▶ _Task to carry out_:
Restate the records that follow. Every word must match.

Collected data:
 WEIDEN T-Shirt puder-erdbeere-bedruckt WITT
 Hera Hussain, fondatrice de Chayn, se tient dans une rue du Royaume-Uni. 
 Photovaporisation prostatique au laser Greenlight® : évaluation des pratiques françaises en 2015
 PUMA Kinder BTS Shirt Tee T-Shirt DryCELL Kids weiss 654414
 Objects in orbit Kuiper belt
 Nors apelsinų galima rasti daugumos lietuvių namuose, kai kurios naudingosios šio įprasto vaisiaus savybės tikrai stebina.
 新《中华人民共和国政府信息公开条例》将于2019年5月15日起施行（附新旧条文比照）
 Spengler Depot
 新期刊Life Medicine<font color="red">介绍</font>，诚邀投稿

▶ _Worked solution_:
 WEIDEN T-Shirt puder-erdbeere-bedruckt WITT
 Hera Hussain, fondatrice de Chayn, se tient dans une rue du Royaume-Uni. 
 Photovaporisation prostatique au laser Greenlight® : évaluation des pratiques françaises en 2015
 PUMA Kinder BTS Shirt Tee T-Shirt DryCELL Kids weiss 654414
 Objects in orbit Kuiper belt
 Nors apelsinų galima rasti daugumos lietuvių namuose, kai kurios naudingosios šio įprasto vaisiaus savybės tikrai stebina.
 新《中华人民共和国政府信息公开条例》将于2019年5月15日起施行（附新旧条文比照）
 Spengler Depot
 新期刊Life Medicine<font color="red">介绍</font>，诚邀投稿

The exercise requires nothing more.